Records to process =
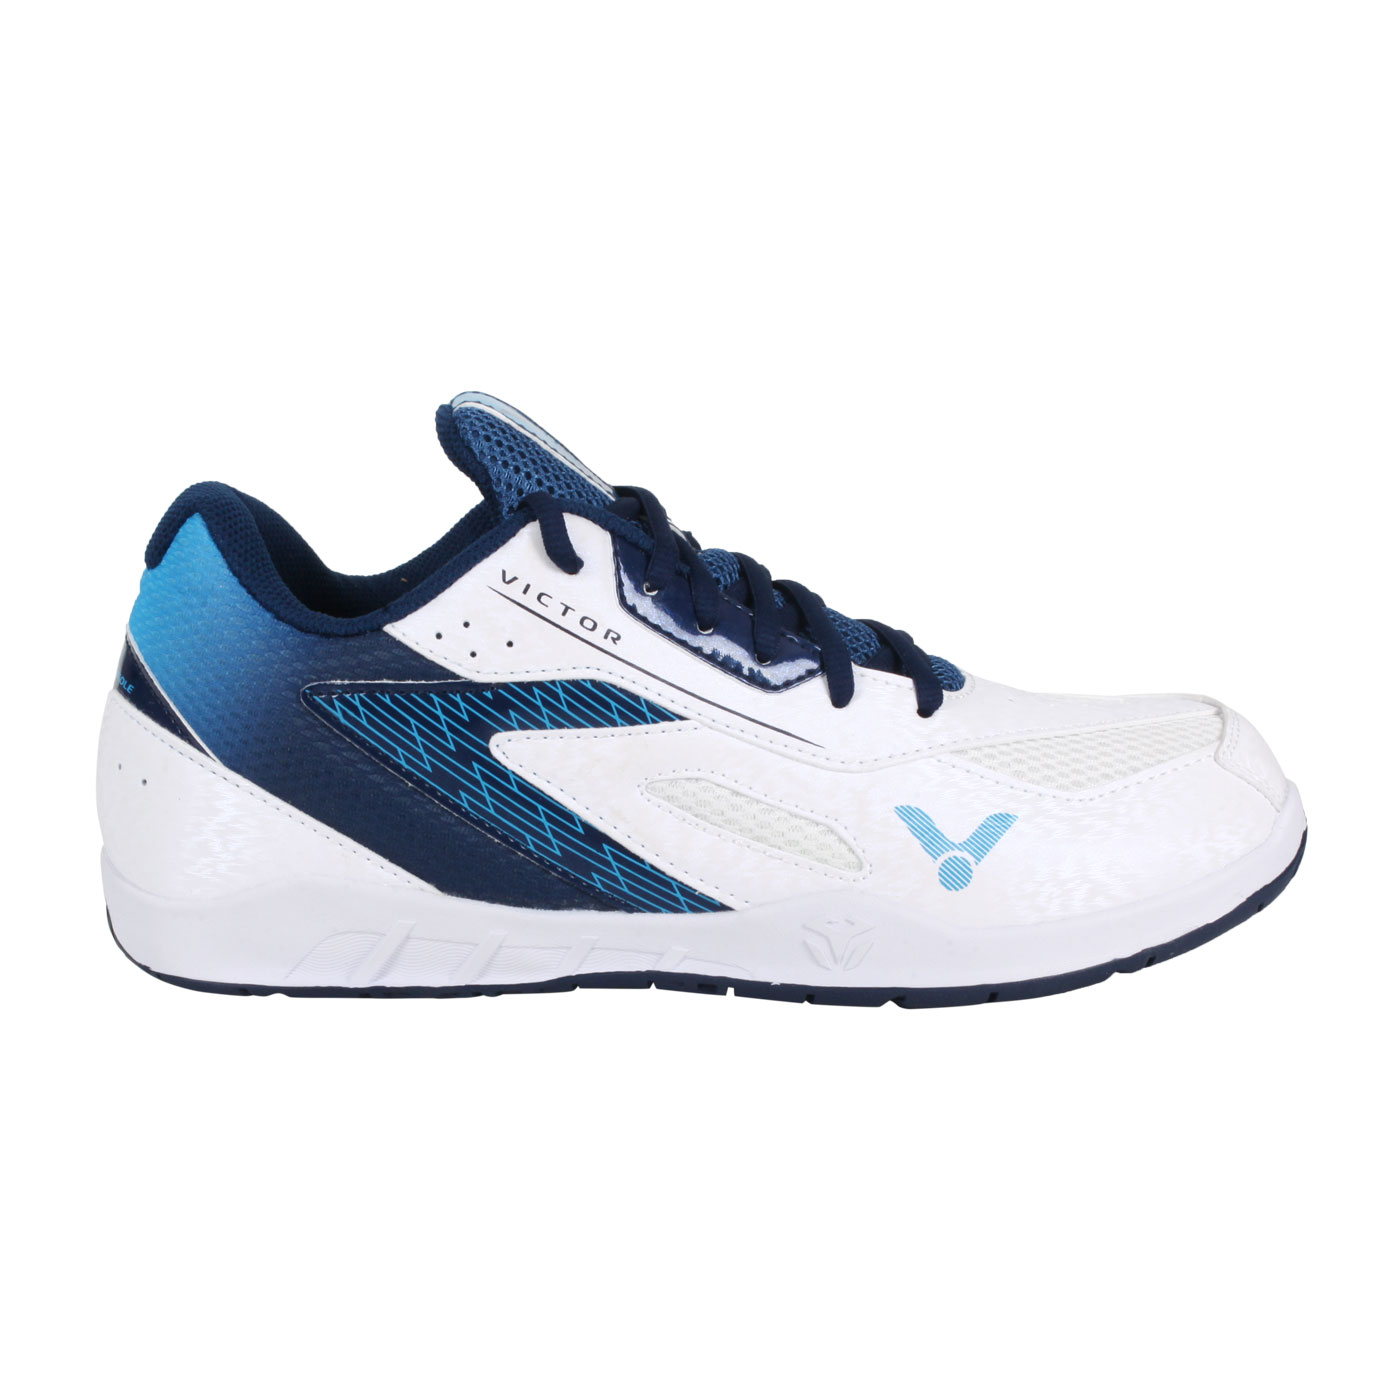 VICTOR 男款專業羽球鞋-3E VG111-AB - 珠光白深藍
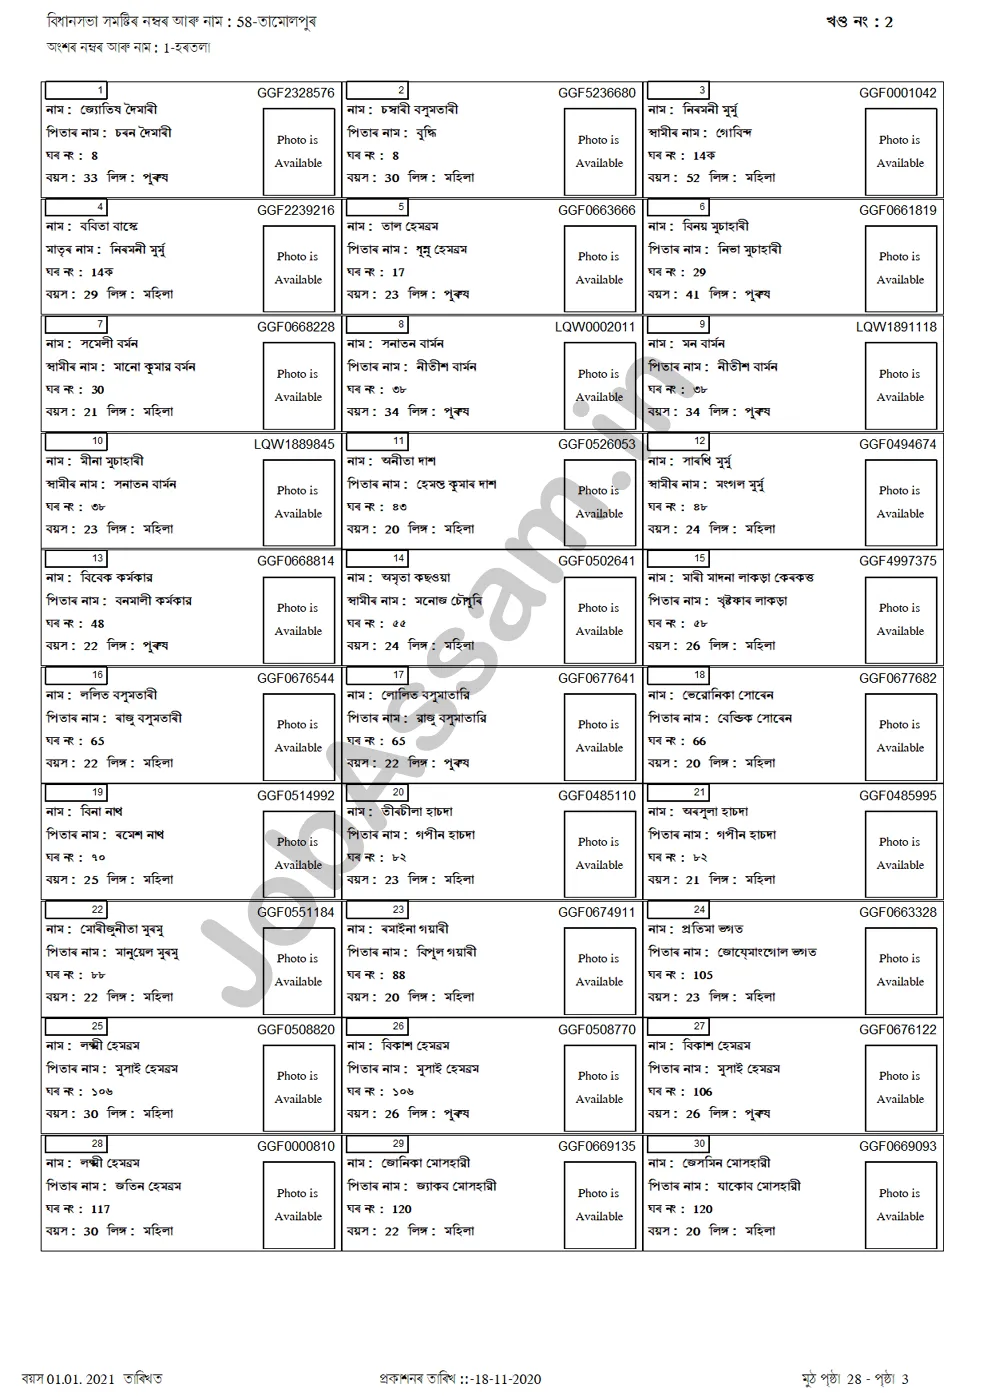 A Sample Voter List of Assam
==
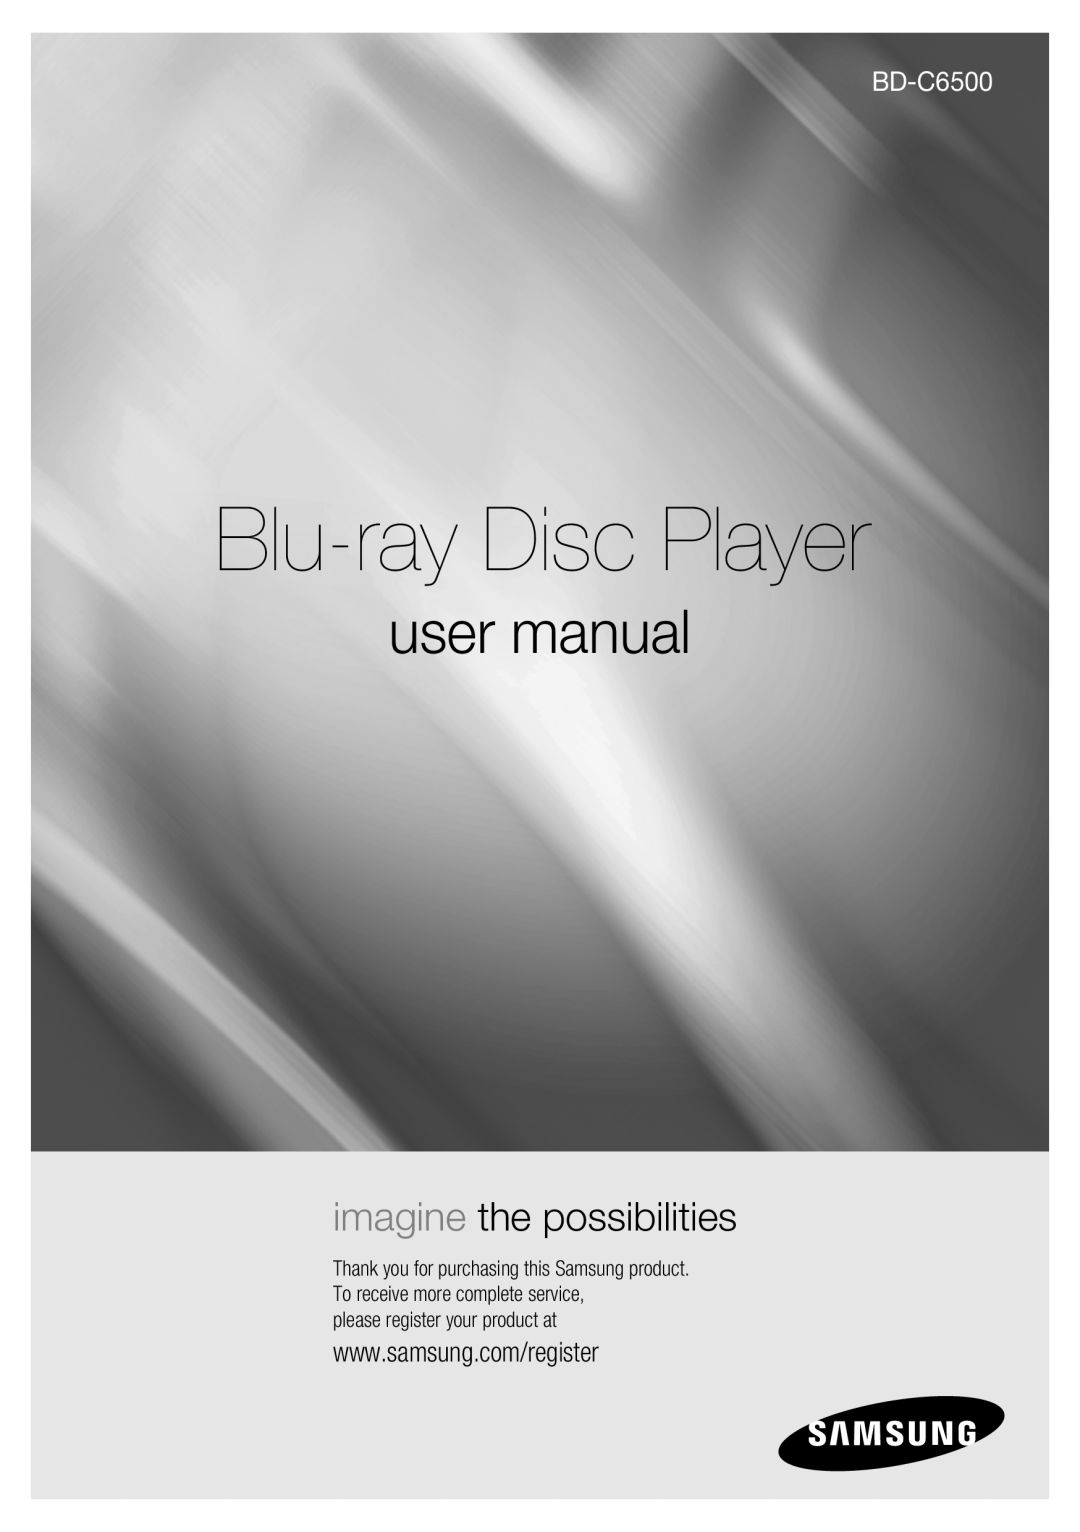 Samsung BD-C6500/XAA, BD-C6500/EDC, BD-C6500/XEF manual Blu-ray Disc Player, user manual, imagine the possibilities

Task goal = Set the pictures aside and reproduce exactly the lines above, from the line holding "VICTOR 男款專業羽球鞋-3E VG111-AB - 珠光白深藍" through the line holding "A Sample Voter List of Assam", both included, with nothing else.

Response to this exercise =
 VICTOR 男款專業羽球鞋-3E VG111-AB - 珠光白深藍
 A Sample Voter List of Assam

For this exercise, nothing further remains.